How to complete this task – Please restate, word for word, the lines below that begin at the one with "Croissant Liquid Cafe" and end at the one with "Baby Shark Cake Recipe How To Make It". Leave out all other lines.
====== Data under study
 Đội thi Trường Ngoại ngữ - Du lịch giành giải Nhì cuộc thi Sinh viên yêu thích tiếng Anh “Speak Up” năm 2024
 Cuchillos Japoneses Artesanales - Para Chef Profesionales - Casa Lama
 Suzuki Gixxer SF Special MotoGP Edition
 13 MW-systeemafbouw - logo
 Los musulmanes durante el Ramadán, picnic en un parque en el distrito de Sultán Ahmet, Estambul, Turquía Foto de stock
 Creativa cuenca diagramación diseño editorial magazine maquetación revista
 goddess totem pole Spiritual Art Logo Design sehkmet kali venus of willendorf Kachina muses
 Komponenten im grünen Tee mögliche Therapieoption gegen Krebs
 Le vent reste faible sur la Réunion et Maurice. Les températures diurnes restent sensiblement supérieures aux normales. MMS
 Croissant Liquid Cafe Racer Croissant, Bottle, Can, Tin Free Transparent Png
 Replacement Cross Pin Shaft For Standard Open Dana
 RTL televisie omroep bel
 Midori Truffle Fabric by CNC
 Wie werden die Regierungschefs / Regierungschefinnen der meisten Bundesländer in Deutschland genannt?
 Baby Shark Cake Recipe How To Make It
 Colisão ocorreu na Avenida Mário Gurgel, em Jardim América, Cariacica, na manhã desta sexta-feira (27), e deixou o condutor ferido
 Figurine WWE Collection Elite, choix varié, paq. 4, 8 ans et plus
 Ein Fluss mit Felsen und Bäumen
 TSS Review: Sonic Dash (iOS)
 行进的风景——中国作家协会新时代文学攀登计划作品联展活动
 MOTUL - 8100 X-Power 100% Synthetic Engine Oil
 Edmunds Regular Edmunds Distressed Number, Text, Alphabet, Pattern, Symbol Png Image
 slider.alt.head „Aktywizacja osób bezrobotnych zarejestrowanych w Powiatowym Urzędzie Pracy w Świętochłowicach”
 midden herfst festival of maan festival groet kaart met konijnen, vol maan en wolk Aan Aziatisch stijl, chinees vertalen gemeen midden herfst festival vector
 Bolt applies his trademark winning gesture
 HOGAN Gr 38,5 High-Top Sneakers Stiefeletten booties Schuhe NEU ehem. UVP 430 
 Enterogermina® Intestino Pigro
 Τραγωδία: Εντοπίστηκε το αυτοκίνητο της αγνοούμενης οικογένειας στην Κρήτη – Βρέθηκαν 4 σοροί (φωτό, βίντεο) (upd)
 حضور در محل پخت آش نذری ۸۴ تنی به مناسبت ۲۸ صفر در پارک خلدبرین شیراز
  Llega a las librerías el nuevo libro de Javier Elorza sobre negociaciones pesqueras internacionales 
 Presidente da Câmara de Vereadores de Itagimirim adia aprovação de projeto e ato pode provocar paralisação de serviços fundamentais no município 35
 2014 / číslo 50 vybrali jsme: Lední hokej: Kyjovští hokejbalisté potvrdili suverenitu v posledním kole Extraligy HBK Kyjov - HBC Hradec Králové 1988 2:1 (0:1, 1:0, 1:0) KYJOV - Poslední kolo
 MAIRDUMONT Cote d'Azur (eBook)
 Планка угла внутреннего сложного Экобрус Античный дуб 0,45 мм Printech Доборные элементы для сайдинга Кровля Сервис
============
Solution to this task –
 Croissant Liquid Cafe Racer Croissant, Bottle, Can, Tin Free Transparent Png
 Replacement Cross Pin Shaft For Standard Open Dana
 RTL televisie omroep bel
 Midori Truffle Fabric by CNC
 Wie werden die Regierungschefs / Regierungschefinnen der meisten Bundesländer in Deutschland genannt?
 Baby Shark Cake Recipe How To Make It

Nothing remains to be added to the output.